Ein passender Mieter

Der neue Roman ist seit Ende August lieferbar

Als ihr Sohn Sebastian auszieht, bleiben Margret und Gerhard Sandmaier allein zurück. Besonders Margret leidet unter der Leere im Haus. Gerhard hat seinen Beruf als Geschichtsprofessor, aber Margrets Teilzeitjob in der Buchhandlung und die Deutschstunden, die sie Flüchtlingskindern gibt, füllen sie nicht aus. Sebastian, gerade erst flügge geworden, hält schmerzliche Distanz. Die Sandmaiers beschließen, den Anbau, in dem ihr Sohn gewohnt hat, zu vermieten. Der passende Mieter ist bald gefunden: ein junger Fahrradmechaniker, unauffällig, höflich, wortkarg. Doch als sich die Schlagzeilen über einen Messerstecher häufen, der in der Stadt sein Unwesen treibt, regt sich in Margret ein schlimmer Verdacht ... Vater, Mutter, Sohn – was eben noch felsenfest schien, gerät ins Wanken. In Margrets Leben bleibt kein Stein auf dem anderen. Und der Sohn, der Theologie studiert, reibt sich auf an der Frage, warum die Begriffe von "gut" und "böse" so schwer festzulegen sind.



Stimmen von Buchhändlerinnen:

„Den Lukas Hartmann an einem Abend verschlungen. Atemlos betrachtet man das Zerbröseln der auf den ersten Blick normal-zufrieden-langweiligen Protagonisten."

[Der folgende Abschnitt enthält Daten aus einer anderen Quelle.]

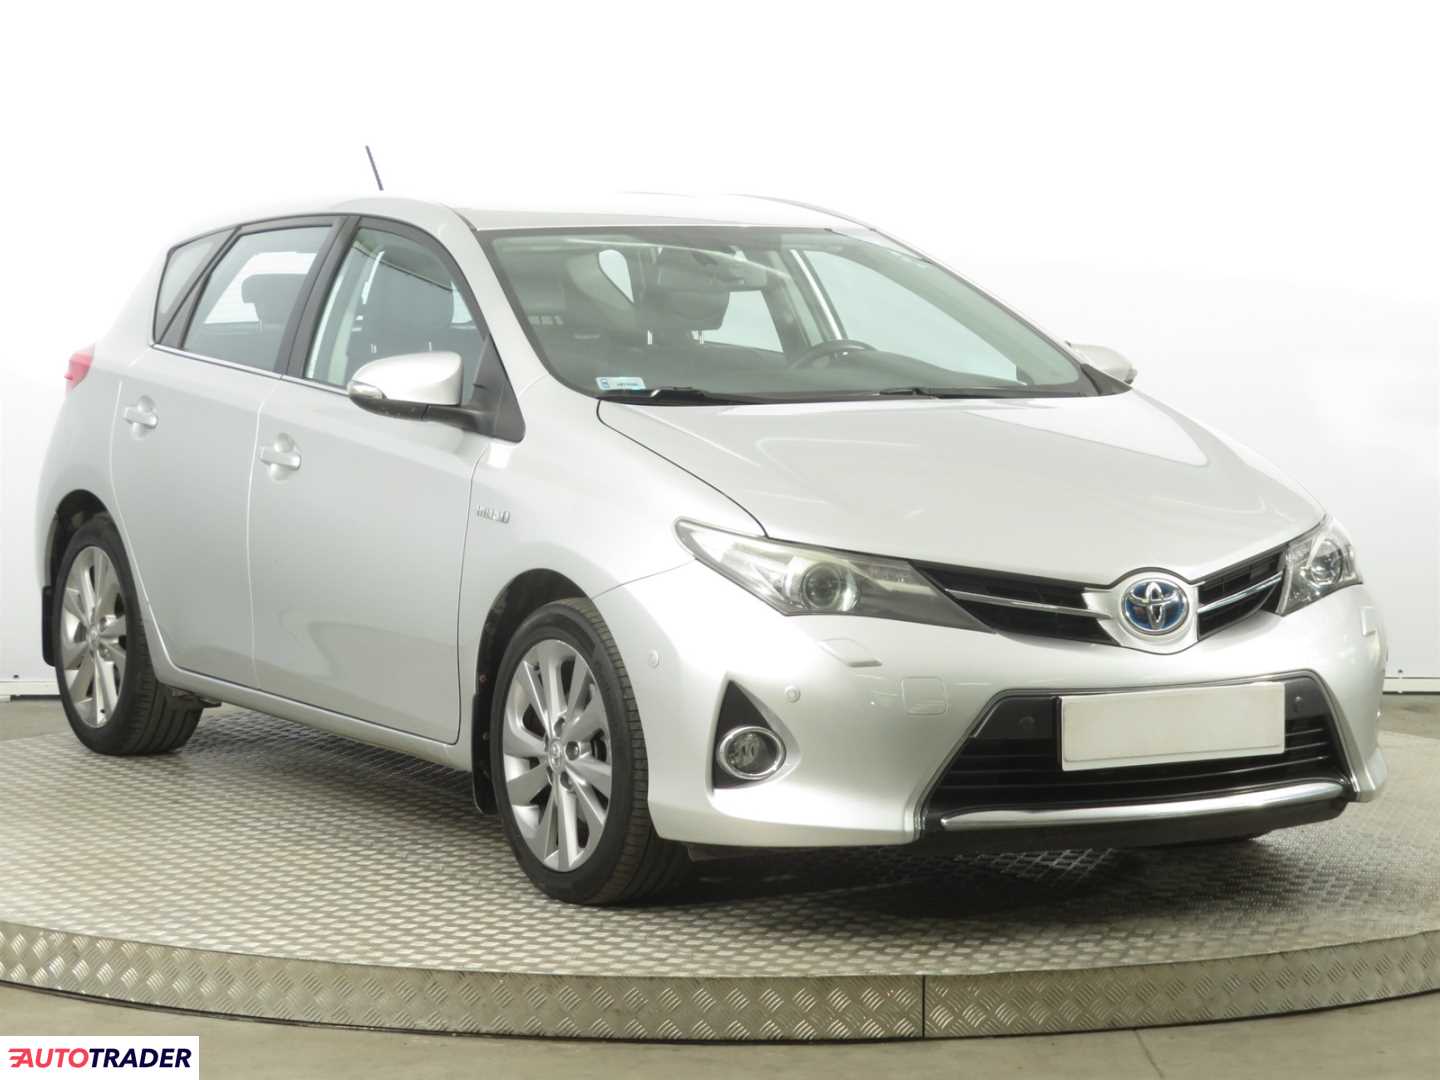 Toyota Auris 2013 1.8 134 KM

Heide-Käthe Büdcher, Braunschweig

„Wie schon bei 'Finsteres Glück' war ich auch hier gefesselt von der genauen Beschreibung der schleichenden familiären Zerrüttung.
Hartmann schreibt mit unglaublich feinem Gespür über die Gefühlslagen seiner Figuren. Schleichende Entfremdungsprozesse sind sein Spezialgebiet.Das macht jeden seiner Romane so absolut lesenswert."

Stephanie Hofmann, Frankfurt a. M.

 

Rezensionen

"Ein Roman, in dem jede Figur absolut authentisch wirkt, in dem Gespräche von packender Dramatik geführt werden und in dem bis zuletzt die souveräne Gestaltungskraft eines Autors spürbar bleibt, der die These vom Ende der Liebe als Anfang des Unglücks auf eine volllkommen unaufdringliche Weise in eine spannende Geschichte zu bannen vermag." 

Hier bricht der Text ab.